[[ Data excerpt open ]]
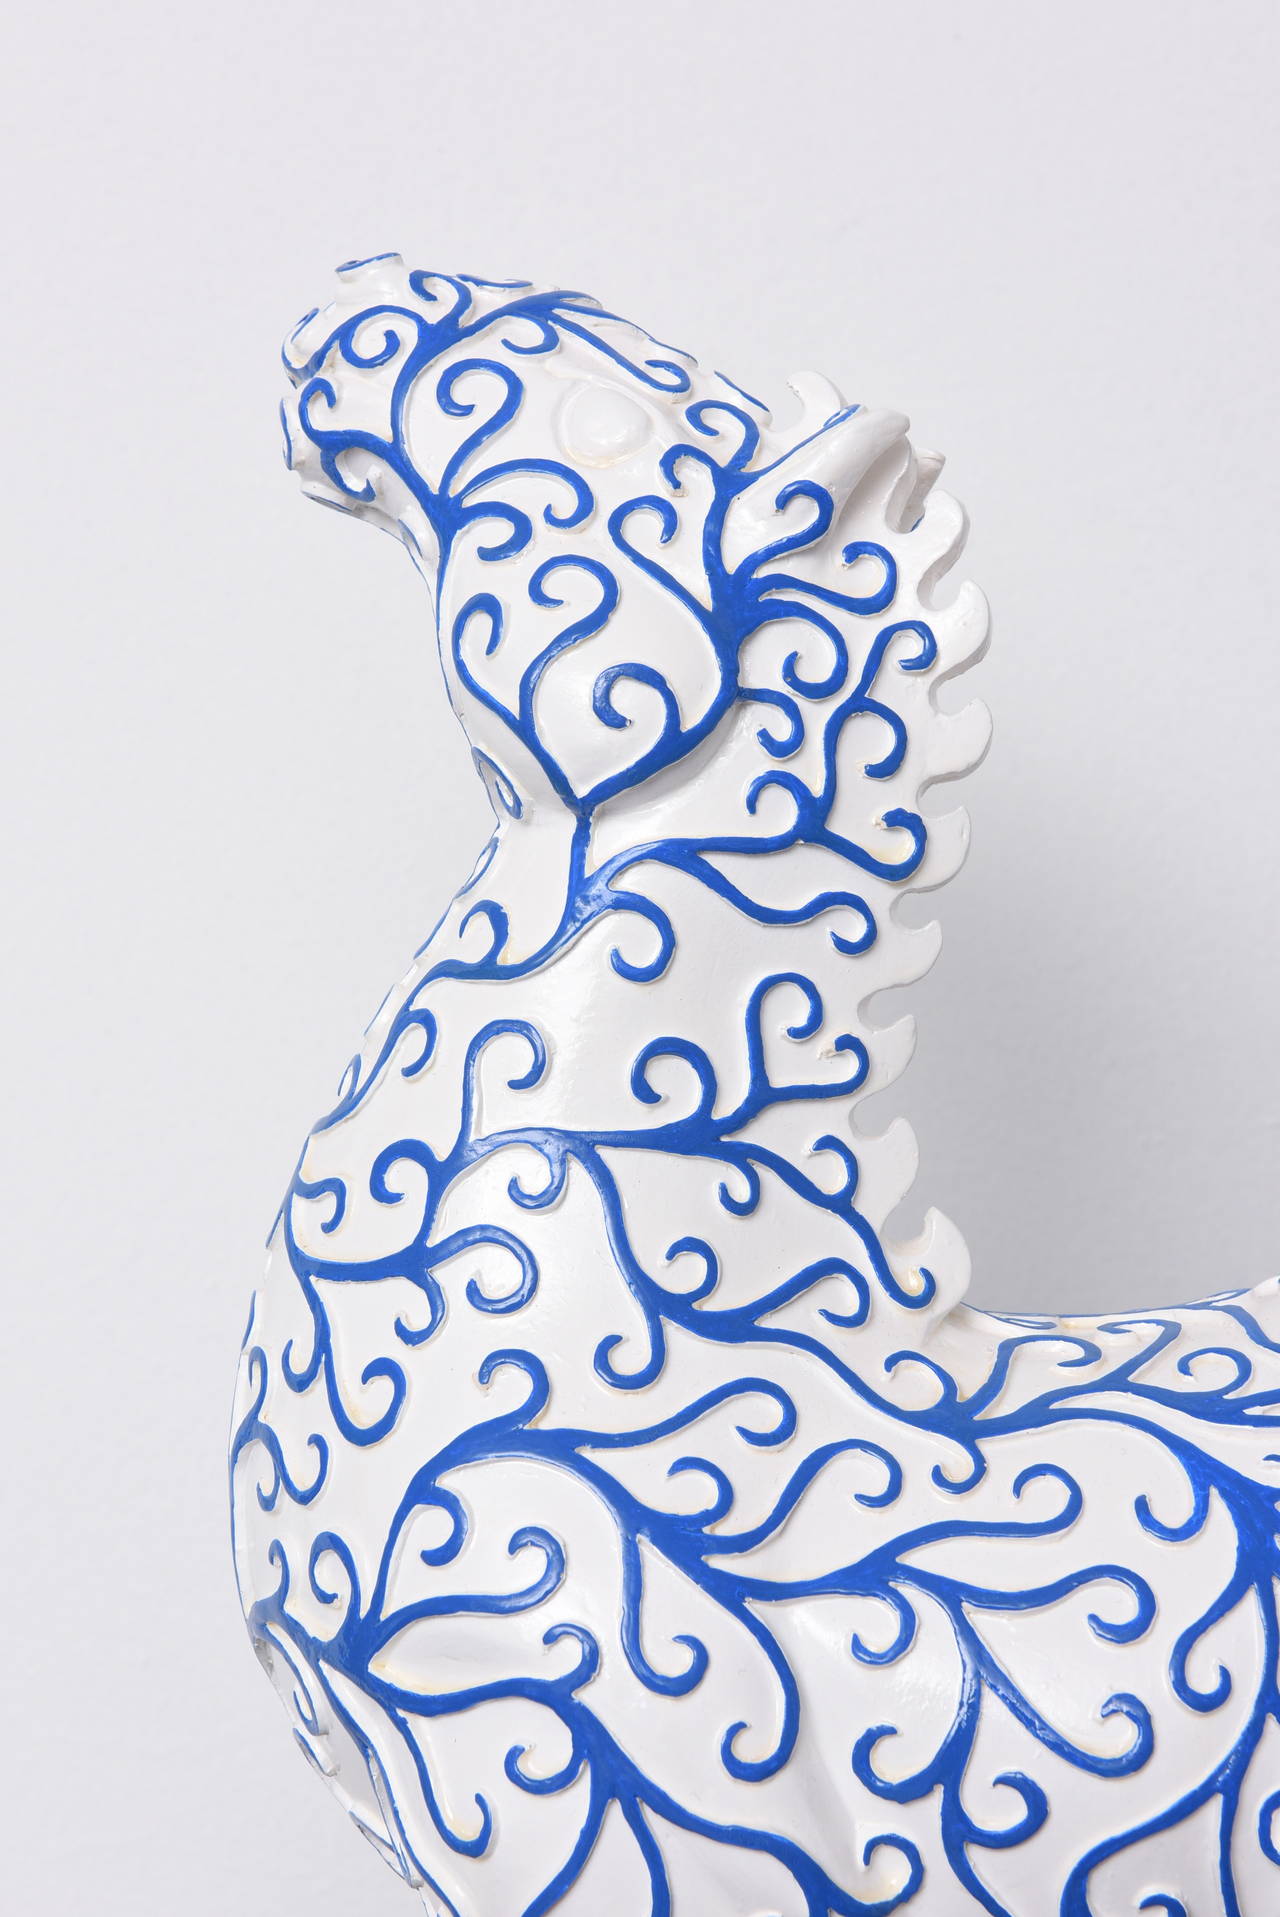 Arabesques Horse - Blue & White Resin sculpture For Sale 5
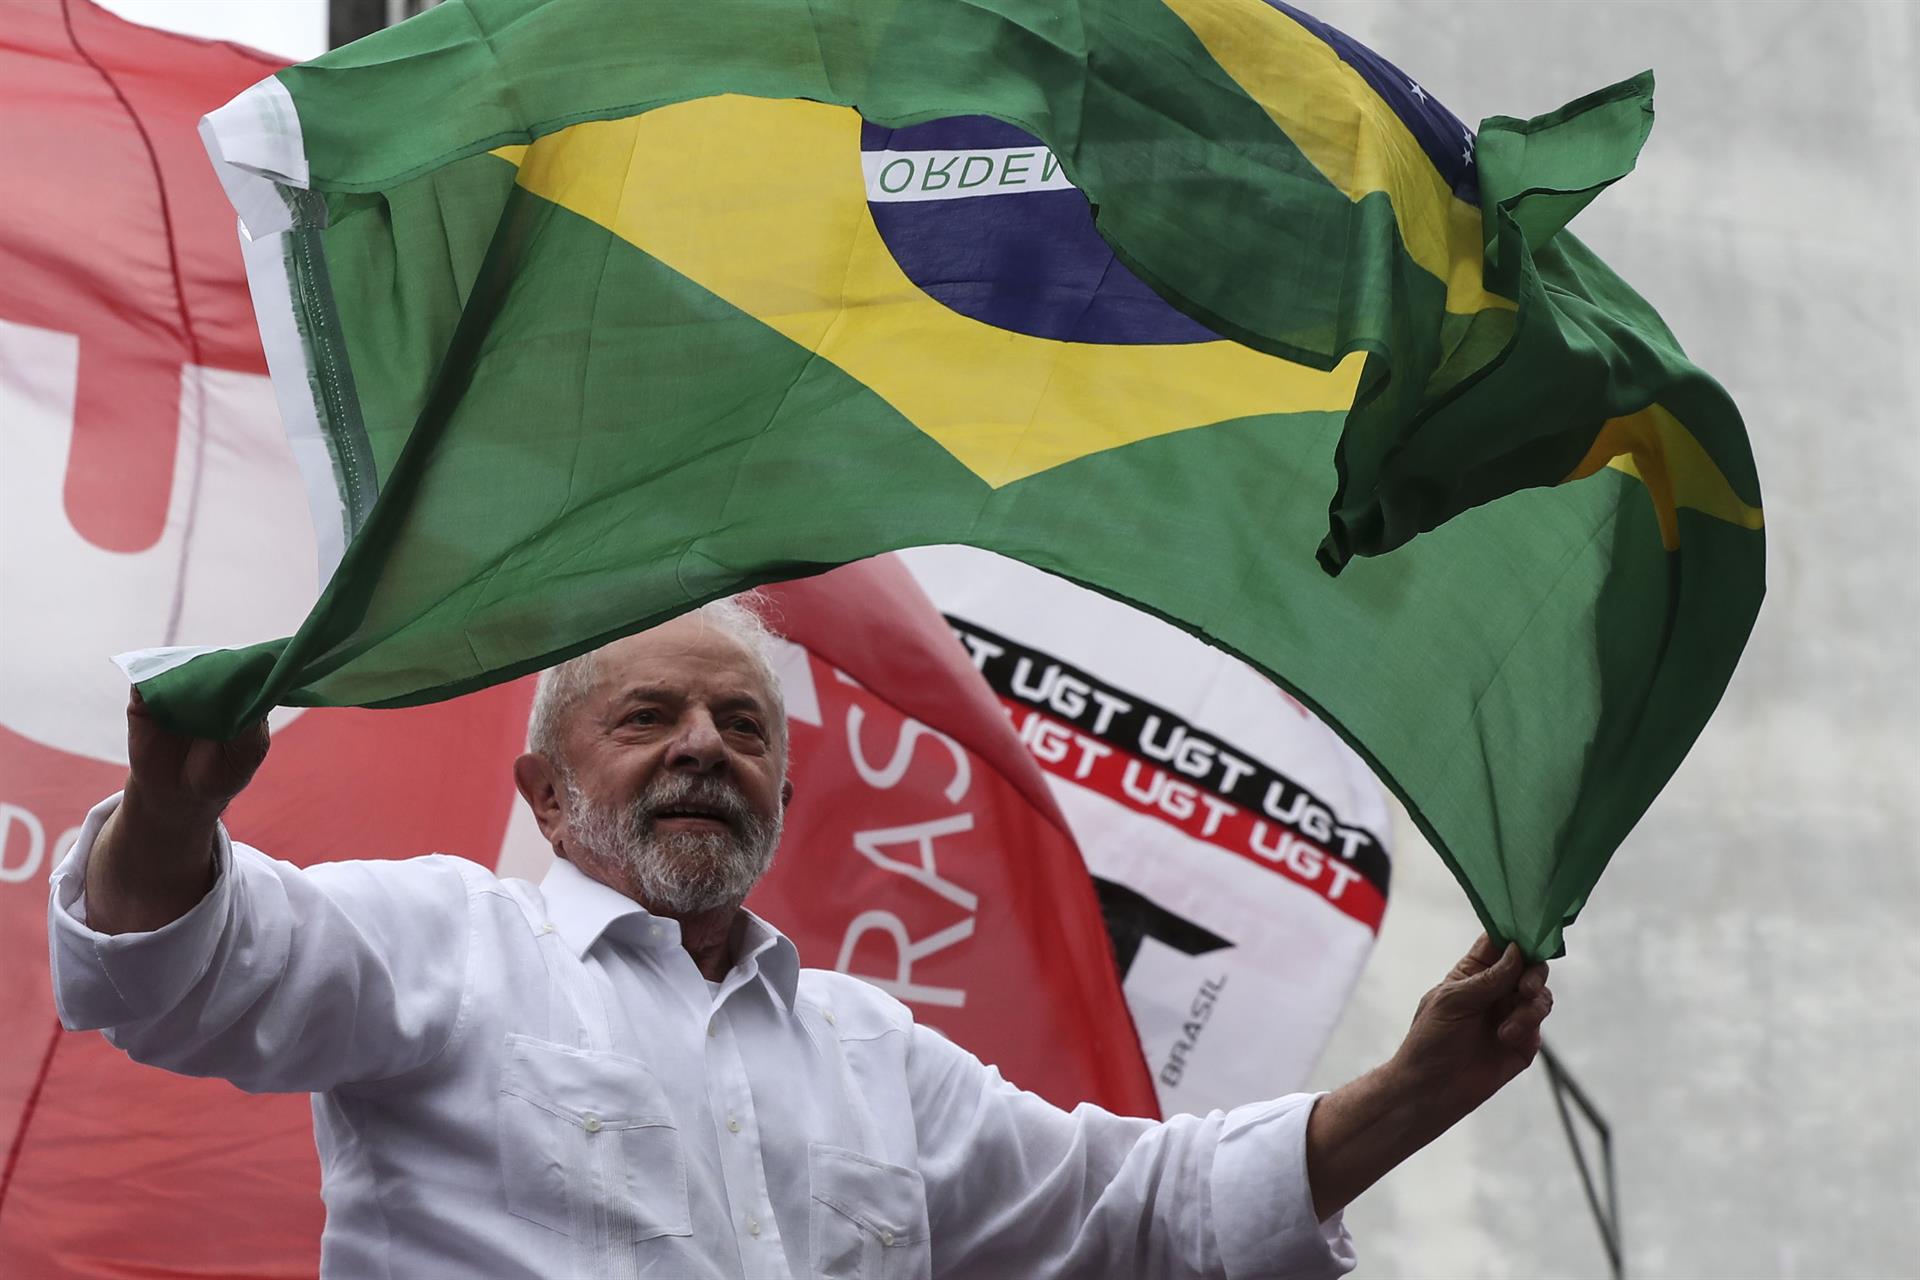 El actual candidato a la presidencia, Luiz Inácio Lula da Silva en Brasil. EFE/ Sebastião Moreira
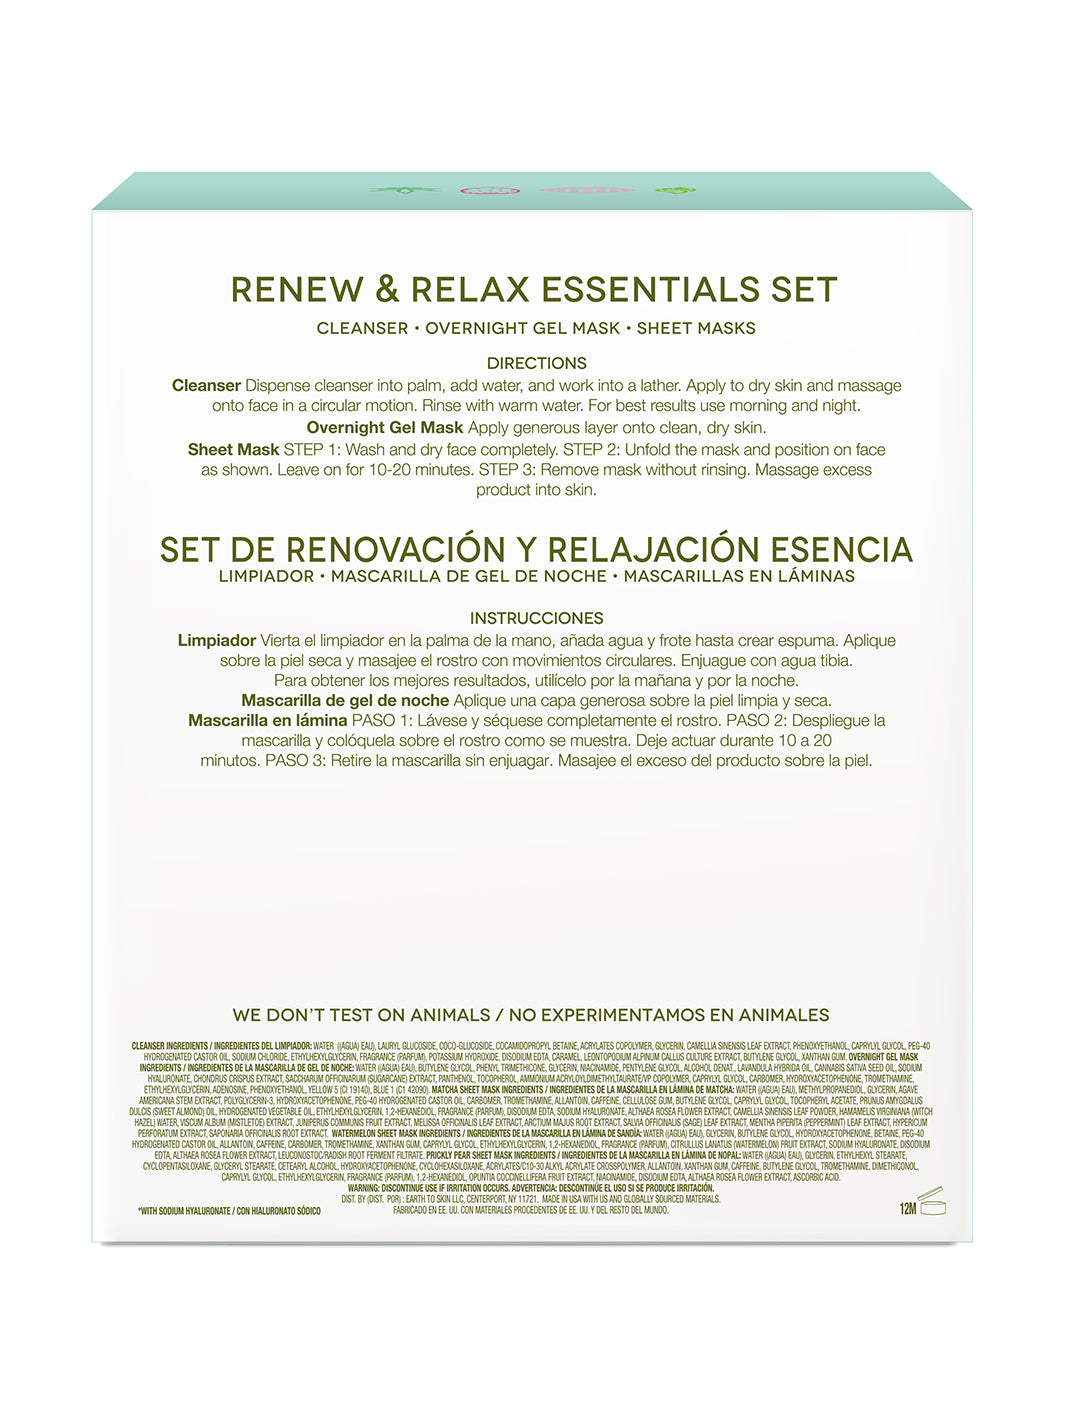 Renew & Relax Essentials Set
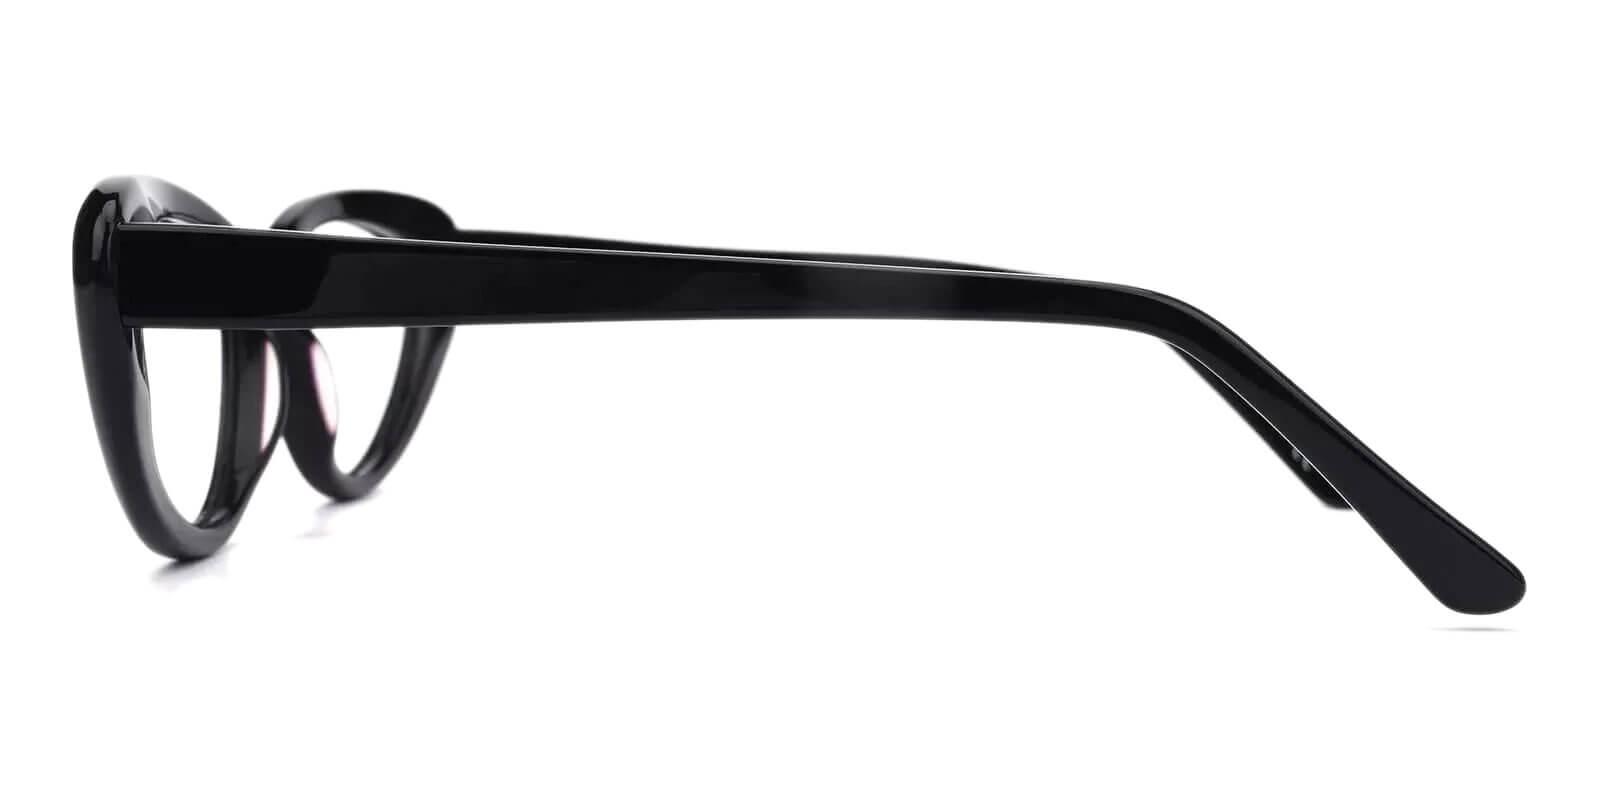 Stella Black Acetate Eyeglasses , SpringHinges , UniversalBridgeFit Frames from ABBE Glasses
[[ Data excerpt closed ]]
Pictures stay out; everything else in the listing above gets repeated exactly.

Response:
 Arabesques Horse - Blue & White Resin sculpture For Sale 5
 El actual candidato a la presidencia, Luiz Inácio Lula da Silva en Brasil. EFE/ Sebastião Moreira
 Renew & Relax Essentials Set
 Stella Black Acetate Eyeglasses , SpringHinges , UniversalBridgeFit Frames from ABBE Glasses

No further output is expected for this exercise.